Is this truly the case and if yes, is there any way to get around this?

Using this video as an example, it sounds kind of fizzy and fuzzy until the impulse response button is pressed, then it sounds awesome. They make such a huge difference to the sound it would be a shame not to be able to access that sound while playing out loud through my speaker cabinets. They are like the secret awesome sauce that puts it on the next level.



If they can only be used when using headphones or running straight to a mixing desk or whatever, that would blow but I don't know if it would be a deal breaker.


----------



## Hexer (Jul 2, 2021)

Well that's exactly what cab-sims are for.
When you play the amp through an actual cabinet, you don't need a simulated cabinet because you have a real one.
When recording directly or playing via headphones, you don't have the characteristics of a real speaker, so you use a cab sim to simulate those.


----------



## Esp Griffyn (Jul 2, 2021)

Hexer said:


> Well that's exactly what cab-sims are for.
> When you play the amp through an actual cabinet, you don't need a simulated cabinet because you have a real one.
> When recording directly or playing via headphones, you don't have the characteristics of a real speaker, so you use a cab sim to simulate those.



Indeed, but as you saw in the video, the cab sims have a huge effect on tone sculpting and the amp sounds much better with them active. It seems a shame that you can't use these powerful EQ sculpting tools while using your own cab.

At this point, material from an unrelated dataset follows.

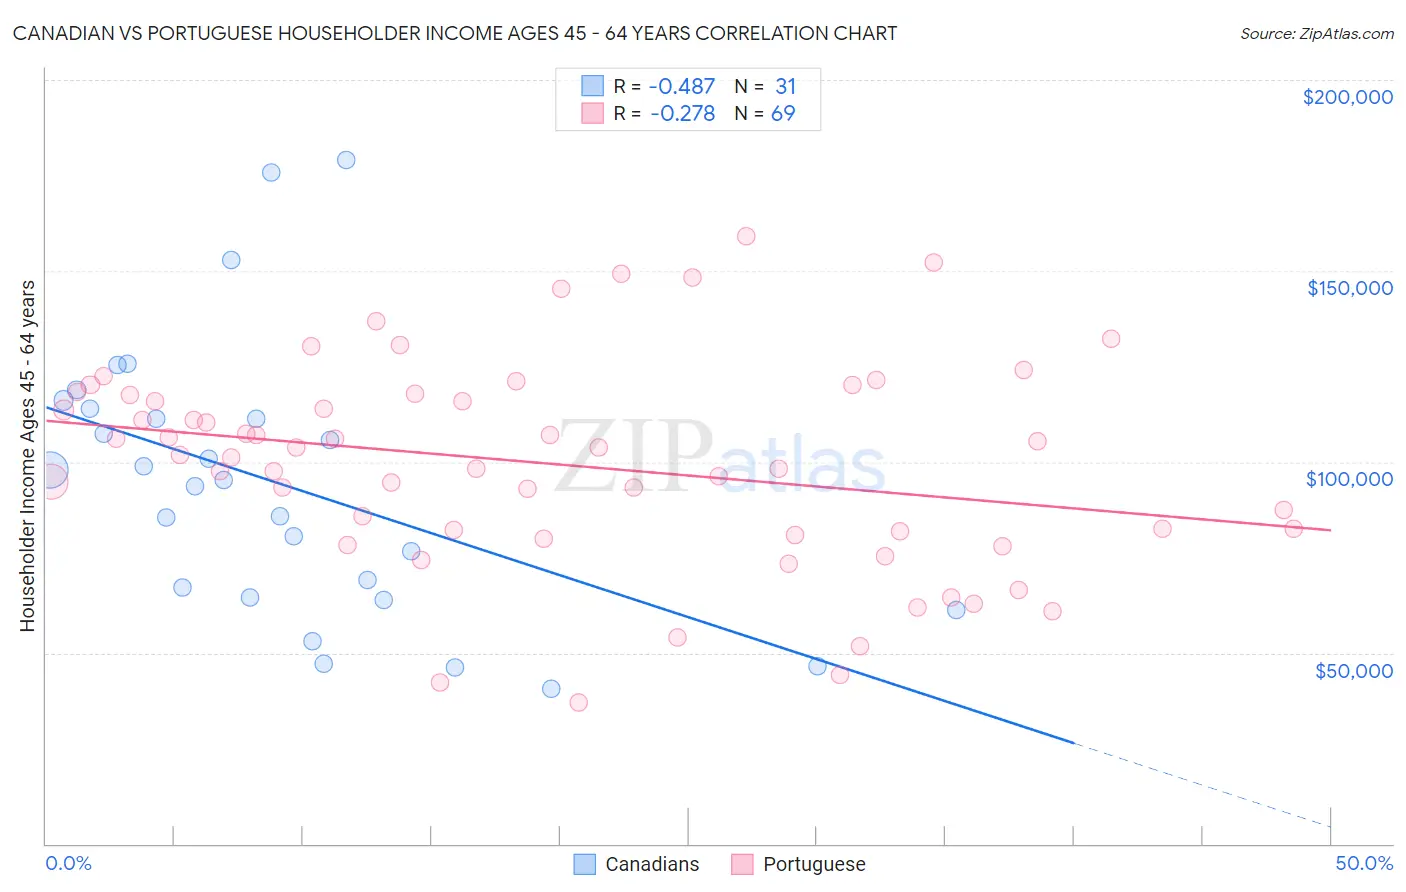 Canadian vs Portuguese Householder Income Ages 45 - 64 years

Without the cab sim active, it sounds kind of loose and fuzzy, with the cab sim active, it sounds way thicker and tighter. The sound difference is so great that I can't see why anyone would ever use it with a cab, be that live or in the studio, as it bypasses the best sounding feature on the amp.


----------



## Winspear (Jul 2, 2021)

DI out, looped back into the Return, that should do it :O It's possible that plugging intoo the DI out disables that stuff..but I wouldn't think so, as I presume somebody can use those DI out recording features whilst _simultaneously _plugged into a cab.
I'd email the guys to check if my idea would work.

It's true though using your own cab this is less necessary because you'd effectively be doubling up on the cab effect. Unless your cab was an FRFR, in which case yes it's nice to have cab sim on.


----------



## Grindspine (Jul 2, 2021)

I use the direct out of my B7k Ultra pedal, selected the Forrester's 4x10 cab sim, then use an XLR > 1/4" adaptor to go into a crappy old solid state amp. The difference of using the cab sim is significant; makes my old practice combo sound a lot more like a bass amp should.

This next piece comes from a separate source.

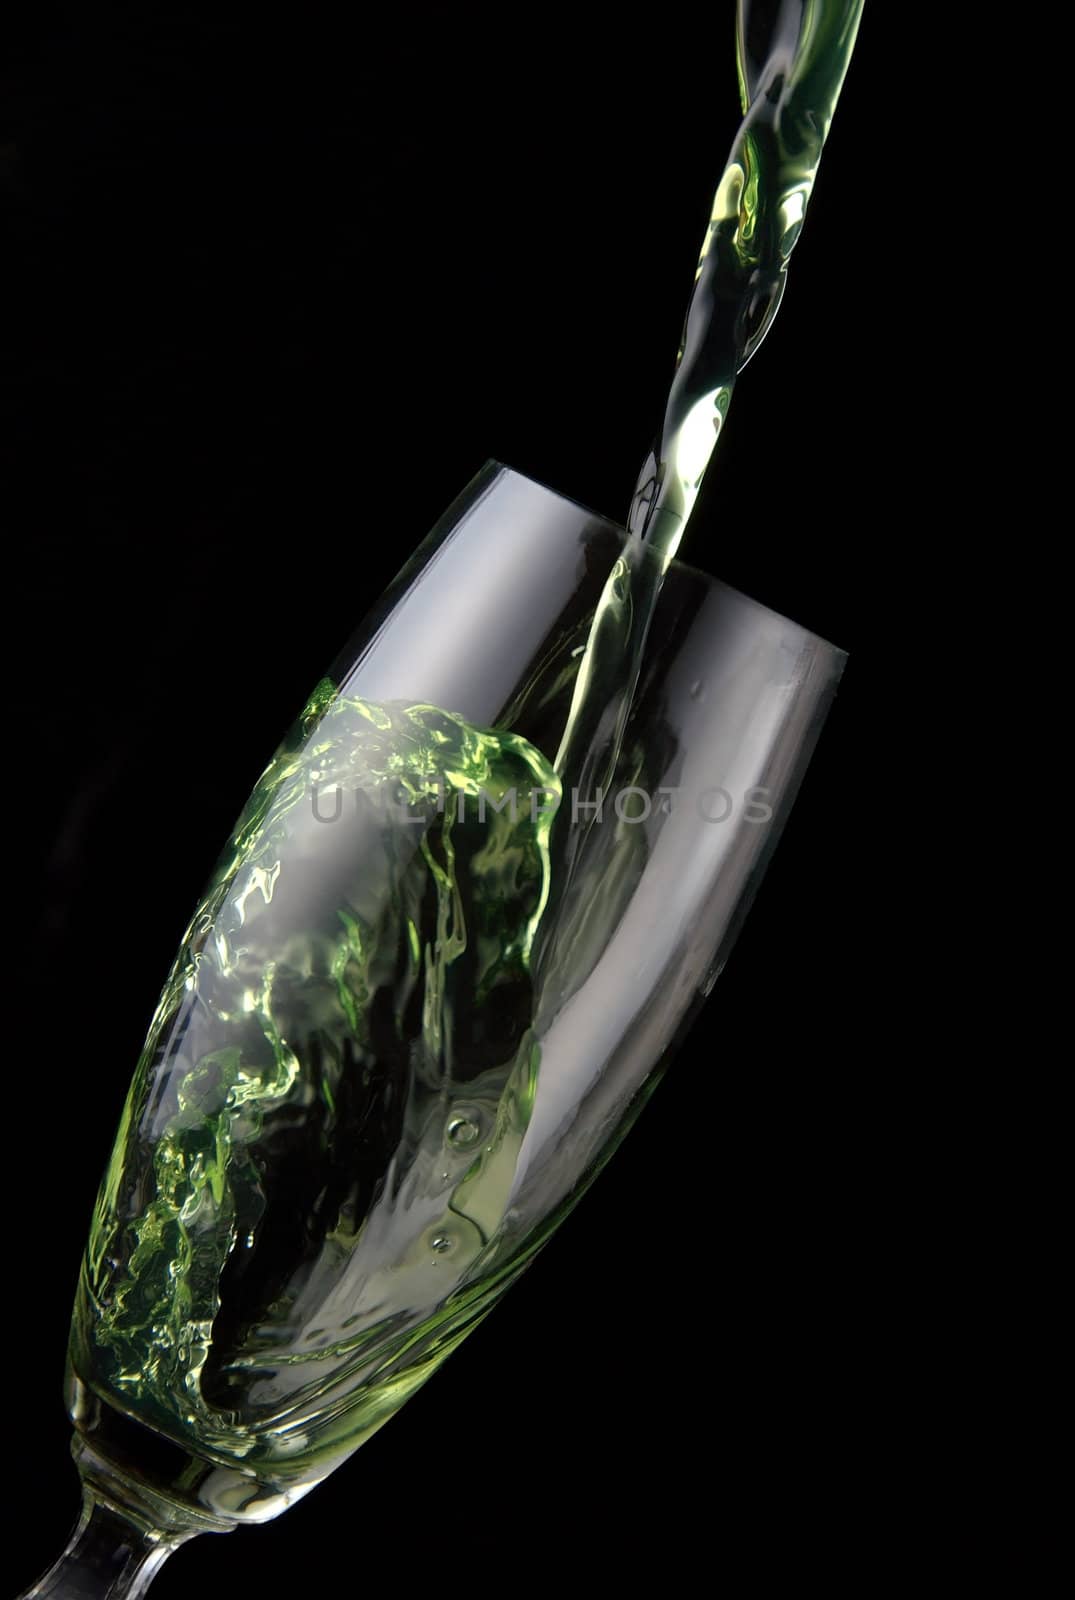 glass of drink poured by anki21

That being said, the design is really to go direct to recording or full range speakers to get the most of the sound.


----------



## TheBloodstained (Jul 5, 2021)

I don't understand why you would work around this?

I have the Alpha Omega 500 head, and in the rehearsel space I'm running it through a Gallien Kruger 8x10".
Awesome bass tone all the way at any volume.
The band all go through our mixer/PA system too, and there I'm making good use of the cab simulated DI out, which makes me sound pretty much the same through the PA and the cab.
I'm so in love with that feature 

I would recommend you to try the head - if possible - before deciding on the purchase. It is an awesome little unit.


----------



## Esp Griffyn (Jul 5, 2021)

The reason I wanted to know if there was a way to get the cab sim tone while using a speaker cab instead of going direct to a mixing board with PA is because in every review I've seen (which sadly are almost always DI and no actual amp and cab sound) the best tones are those you get while the cab sim is active.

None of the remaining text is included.